A few hundred Twitter or Instagram followers may not sound impressive, but if most of those followers are in your geographic area, if there are lots of public officials and other nonprofit representatives and local people served by your organization among those followers, you’re doing well. If you are a nonprofit serving teens, and most of those followers are teens, you are doing VERY well. It’s not about the how many, it’s about the who.

How can you measure social media success ? I talk about that on my web page Evaluating Online Activities: Online Action Should Create & Support Offline Action & Results. For most nonprofits, measuring is not a matter of a software choice; it’s going to take a more person-to-person approach, involving surveys and interviews. In other words, engagement.

Quit celebrating how many people have “liked” your organization’s Facebook page. Are discussions happening on that Facebook page? Are people asking questions? Are individual status updates being liked and shared? Celebrate engagement.

Also see:

Nonprofits can learn from motorcycle manufacturers? Yes!
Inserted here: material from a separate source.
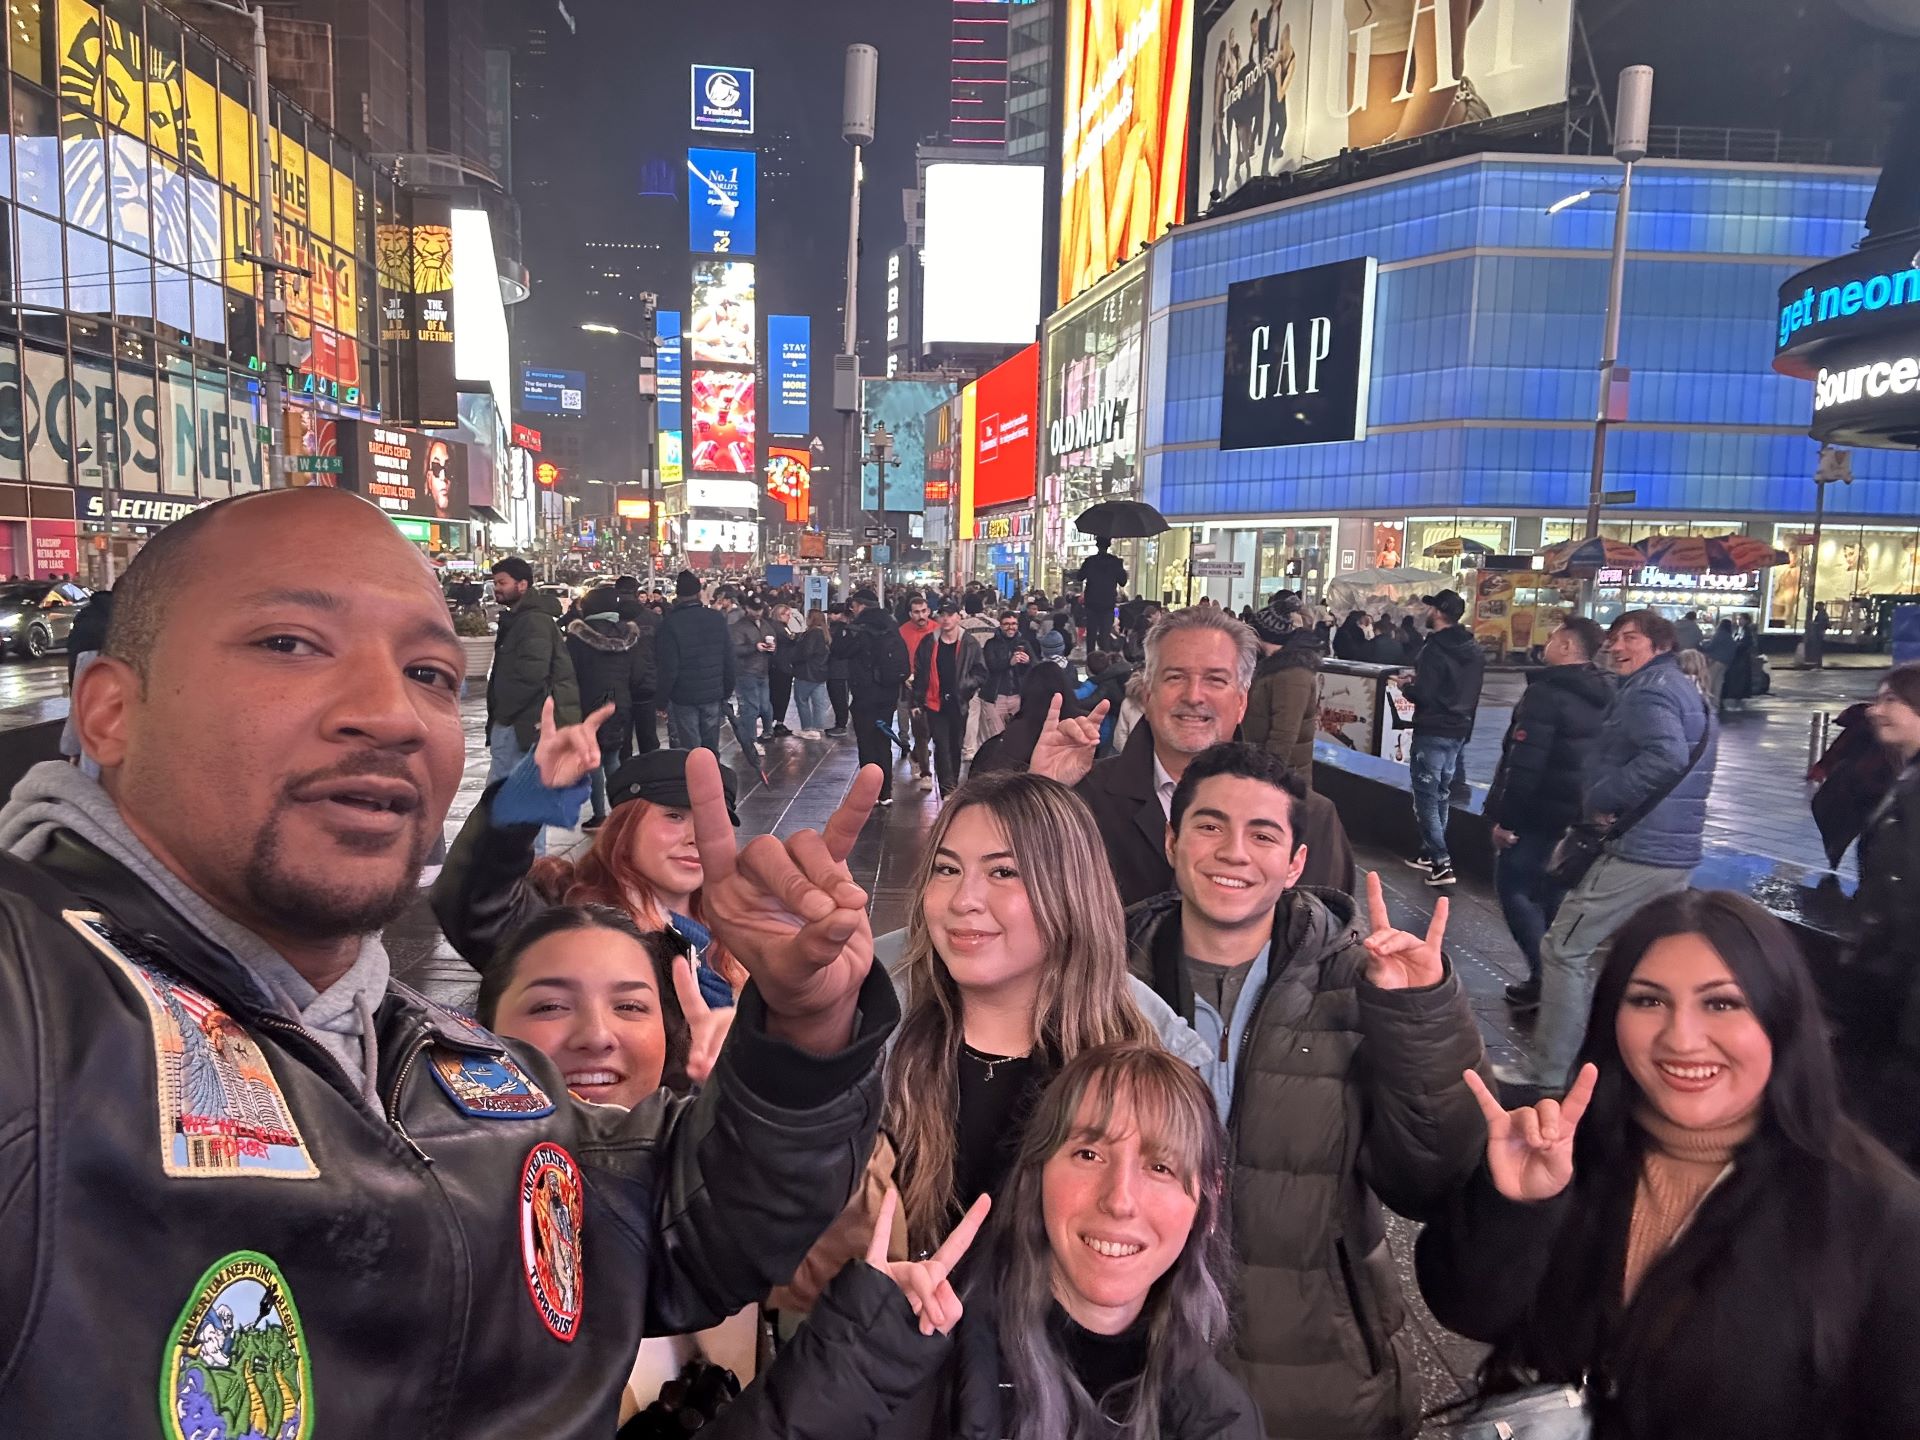 PDC hospitality management students and faculty enjoy the sights in New York City.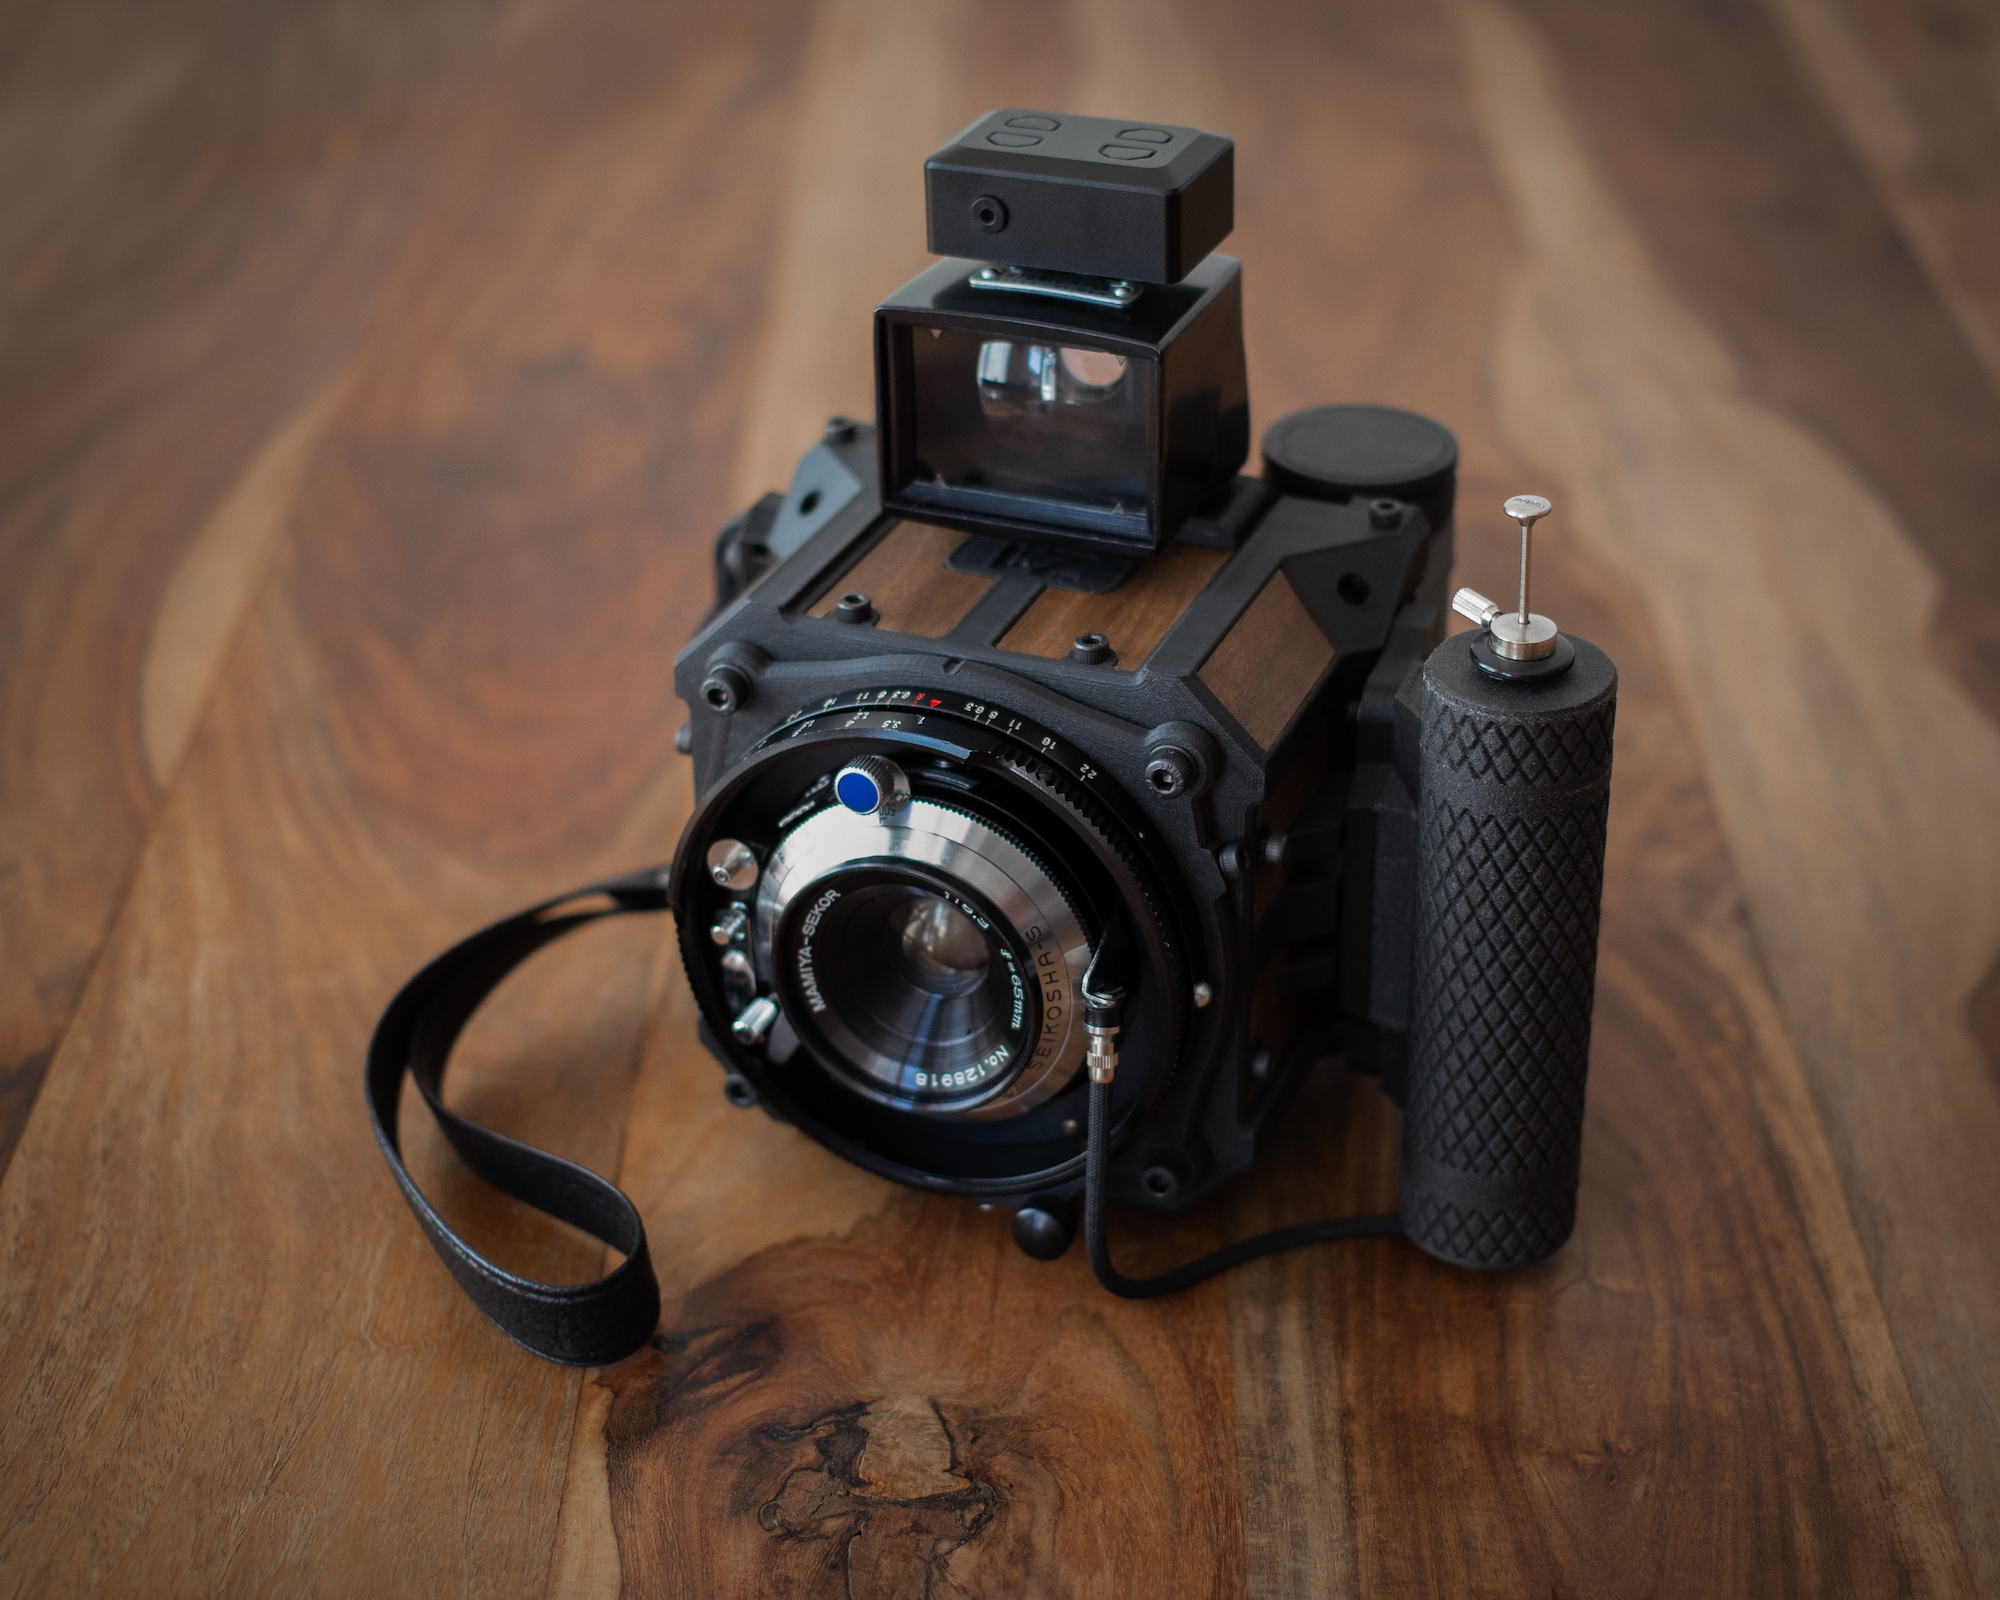 Photographers’ Stories 2. – How can a VR developer’s creativity manifest in a 3D printed camera?

This blog was originally written and published by me back in August 2010.

Jayne and her motorcycleIn the last week, I’ve attended two events by motorcycle manufacturers, and there was so much — SO MUCH — that nonprofits could learn from how these motorcycle events were handled.

One event was a women’s-only event by Harley Davidson. It’s called a Garage Party. I went to the one in Gladstone, Oregon. These events are held at dealerships all over the USA.

The other event was by Triumph in Canby, Oregon. They had about 20 motorcycles you could sign up to ride, on group rides every 30 minutes. The Triumph truck travels all over the USA to bring these events to cities all over.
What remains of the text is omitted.